Criterio de exclusión:

• Hipersensibilidad conocida o contraindicación a cualquiera de los siguientes que no pueden premedicarse adecuadamente: aspirina o heparina y bivalirudina, ticlodipina y clopidogrel, nitinol (titanio o níquel), medios de contraste
• Sepsis en curso, incluida la endocarditis activa.
• Cualquier procedimiento intervencionista coronario o periférico percutáneo con un stent liberador de fármaco o de metal desnudo realizado dentro de los 30 días anteriores a la evaluación del Heart Team.
• Evidencia ecocardiográfica de trombo en LV o LA.
• Insuficiencia de la válvula mitral o tricúspide (> grado II).
• Reemplazo valvular aórtico previo (mecánico o bioprotésico).
• Accidente cerebrovascular (CVA) o ataque isquémico transitorio (AIT) reciente (dentro de los 6 meses posteriores a la evaluación del Heart Team).
• Pacientes con:

Enfermedad vascular femoral, ilíaca o aórtica (estenosis, etc.) que impide la inserción de una vaina transcatéter.

O Enfermedad sintomática de la arteria carótida o vertebral (> 70 % de estenosis).
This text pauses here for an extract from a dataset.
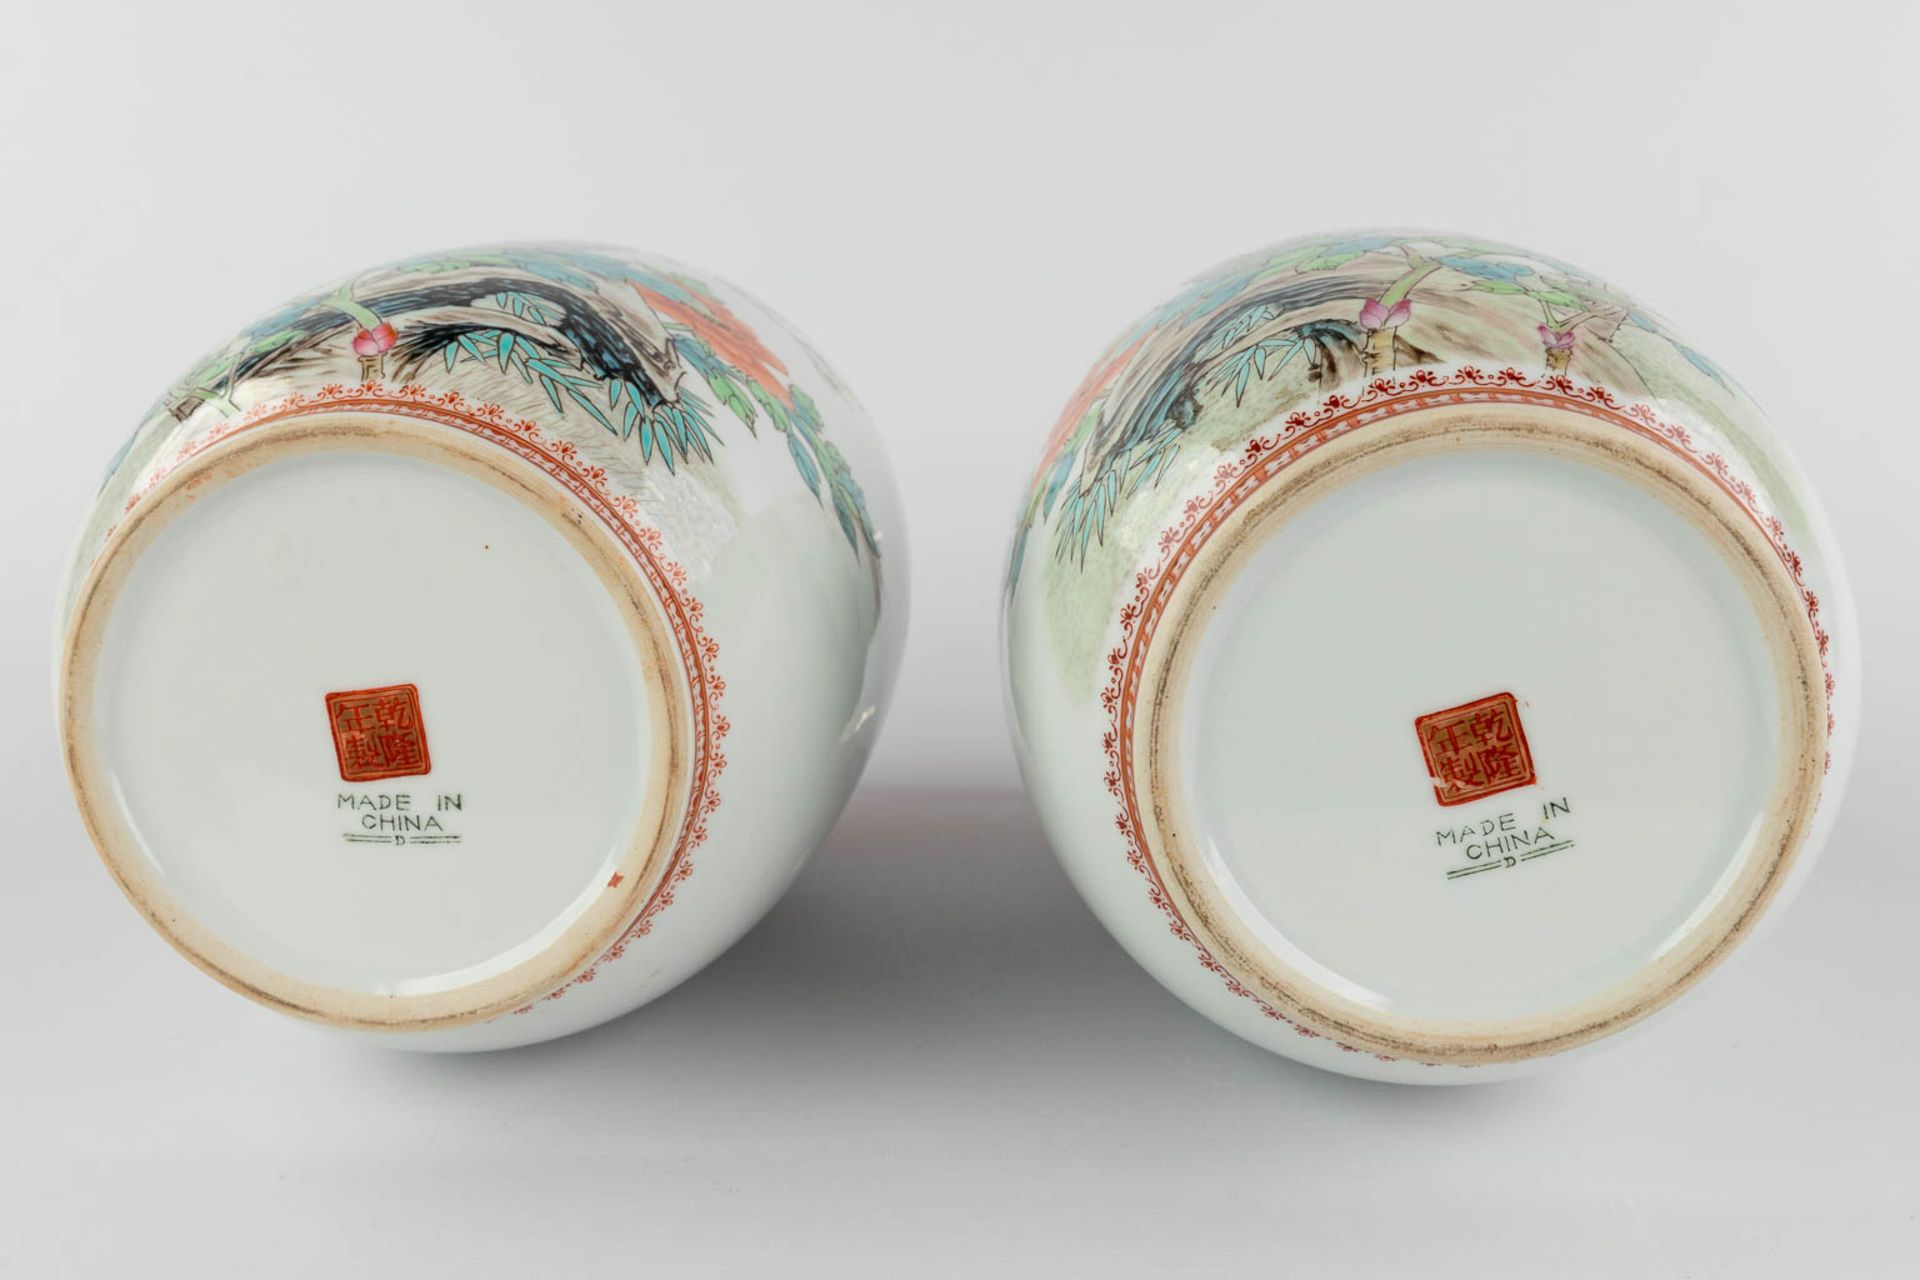 A pair of Chinese vases with bird decor, spring blossoms and peonies. 20th C. (H:32 x D:18 cm) - Image 11 of 12

• El paciente tiene una diátesis hemorrágica, coagulopatía o niega transfusión de sangre.
• Esperanza de vida estimada de menos de 12 meses debido a condiciones comórbidas no cardíacas asociadas.
• Aclaramiento de creatinina < 20 ml/min.
• Gastritis activa o úlcera gastrointestinal.
• El embarazo.
• Disfunción ventricular izquierda severa con fracción de eyección del ventrículo izquierdo (FEVI) < 20%.
• Válvula aórtica unicúspide.
• Valvulopatía aórtica mixta (estenosis aórtica e insuficiencia aórtica > 2+).
• Insuficiencia hepática (Child-Pugh clase C).
• Demencia grave (que resulte en la incapacidad de proporcionar un consentimiento informado para el estudio/procedimiento, impida un estilo de vida independiente fuera de un centro de atención crónica o complicará fundamentalmente la rehabilitación del procedimiento o el cumplimiento de las visitas de seguimiento).
• Calcificación extrema de la válvula aórtica y asimetría calcificada (puntuación de Agatston: grado 4 AgS>5000 AU).
• Área de la válvula aórtica de < 0,4 cm2.